As for the £40 per person thing - I believe that is for a single adult and does not translate to £160 for a family of 4, certainly not with 2 DC. It costs relatively more to shop as a single person. If I was spending anywhere near £700 a month I would absolutely be eating a far less healthy diet than I am now!

OP wasn’t asking about how to cut her food budget down though, and if someone is happy spending more for convenience or whatever that is absolutely fine. I was one of the posters who mentioned my budget of £300 but I wasn’t suggesting OP or anyone else should be cutting theirs down. I was merely comparing outgoings with the OP as our incomes are similar but we save more. I also work full time and including commute do 4 x 12 hour days, but I have a DH who is home before me and loves to cook so we don’t need to go for convenience. We managed to reduce our grocery spending when money was tighter and now we know we can eat well on that we’ve kept the budget the same as our salaries have increased (though we spend more on eating out now). It works for our family. If another family gets more benefit from allocating more of their money to food shopping, then fill your boots Grin

PostMenWithACat · 08/08/2021 08:43

Interesting comments about Aldi. We have one quite close and I have tried it and found I couldn't get everything I needed, the car park is quite small and there are always queues into it, but the overwhelming issue for me were the ergonomics at the checkout which were awkward and low and having recovered from a broken back and with some disk problems I wouldn't risk it.

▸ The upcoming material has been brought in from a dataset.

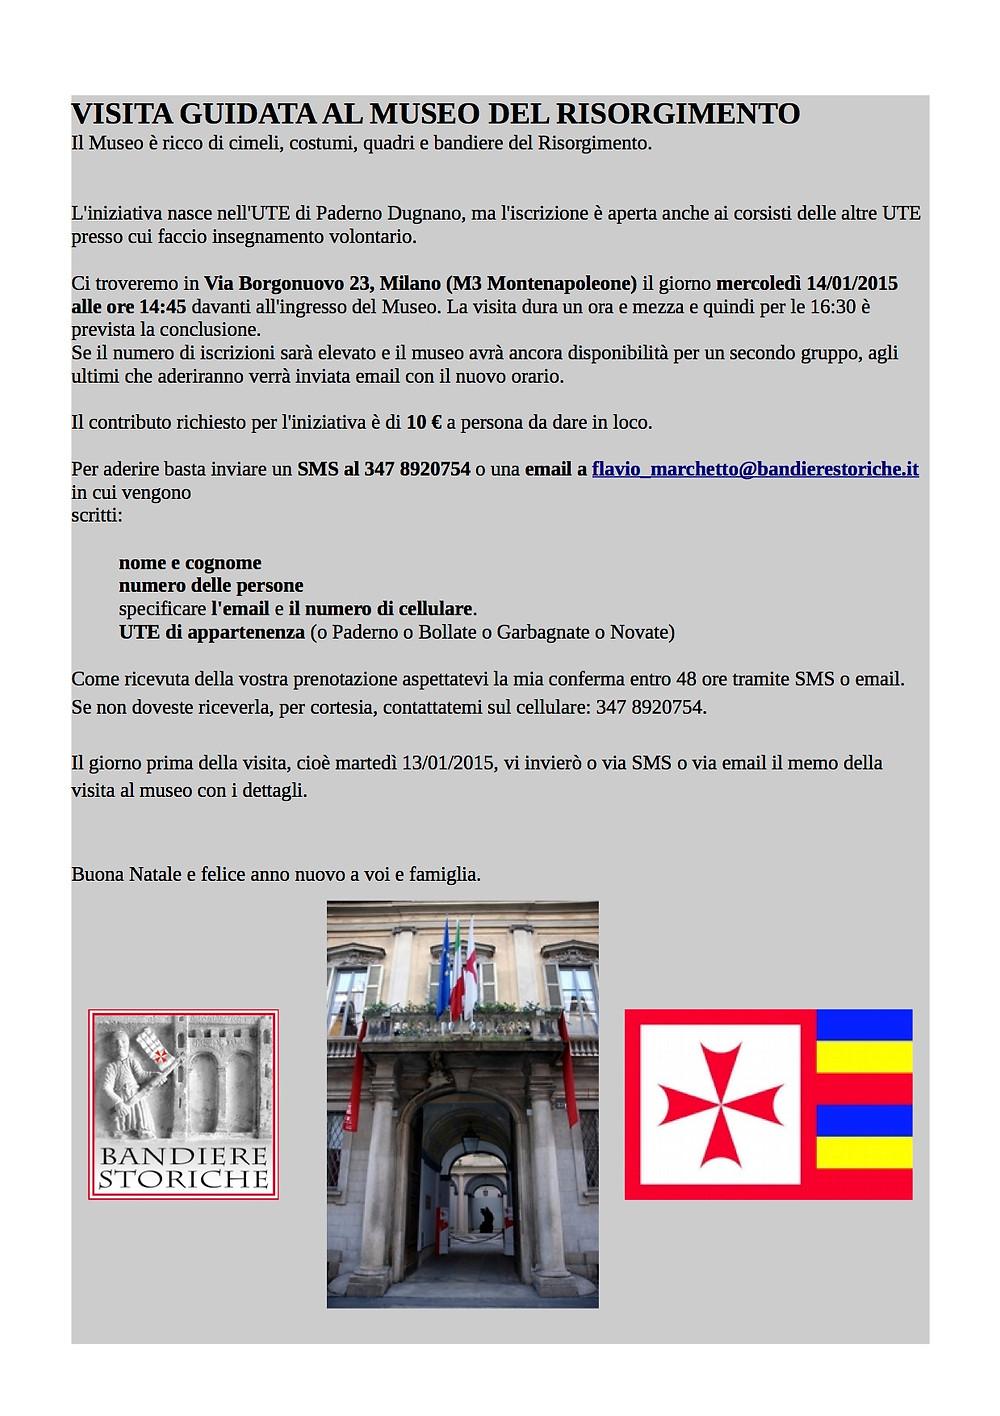 Museo del Risorgimento UTE 2015.jpg

Re the comments about not buying things like bin liners, bog roll, shower gel every week, I disagree - with 4 adults at home every day we get through 8/9 rolls a week, and a shower gel and bottle of bleach. The bin liners yes probably not weekly but there are ones for the caddy, the caddy bin, the kitchen bin and black sacks. Peril I grant you but if it isn't Persil it's dishwasher tablets or viakal, etc.

If Aldi were on the right side of the carriage way I'm sure I'd stop off on my way home from work for some things from my list but it isn't. If I didn't work I may have more time but I didn't particularly like Aldi.

PostMenWithACat · 08/08/2021 08:47

If any of you live near me I'd happily pay you £25 a week if you can bring my list in for £100pw by the way.

user97495 · 08/08/2021 08:48

@PostMenWithACat our Aldi (not sure if all) have started a click and collect service, costs £5, if you want to give it a go. I admit I find shopping in Aldi stressful so I haven't shopped there for a while, but it's undeniably cheaper.

user97495 · 08/08/2021 08:49

@PostMenWithACat I hope all the adults are chipping in too!!

Onfire · 08/08/2021 09:26

I’m with @PostMenWithACat on Aldi

I did Aldi shopping when on maternity leave to save money but I had the time to do that as I didn’t have a day job to go to

I would always have to go to another supermarket to get other bits and I would find my wastage at Aldi far higher than my usual supermarket as some things were great but some things were dreadful and tasted so bad they were barely edible

We focus on low waste so only buy what we need so might splash out on some tasty ingredients but nothing really gets left behind and that keeps our shop down

It’s partly due to living in a small house as we don’t have the space for stock piling loads of food so what’s in the cupboard and fridge lasts us the week

OP posts:
PostMenWithACat · 08/08/2021 09:57

Ultimately it's about how one choses to spend one's money and we never have a takeaway or casual meal out so food spending is swings and roundabouts imo.

However I agree with others op that you do need a spreadsheet and agreed out of pocket expenses with consultation and agreement if those budgets are exceeded by for example treating other family members to holidays.

As far as we are concerned we don't combine finances. DH pays community charge, utilities, insurance, household maintenance, his car and paid the DC's uni rents; I pick up the food, my car, stuff like linens/towels/kitchenware and pay the cleaner.

Happily we both have similar views about spending.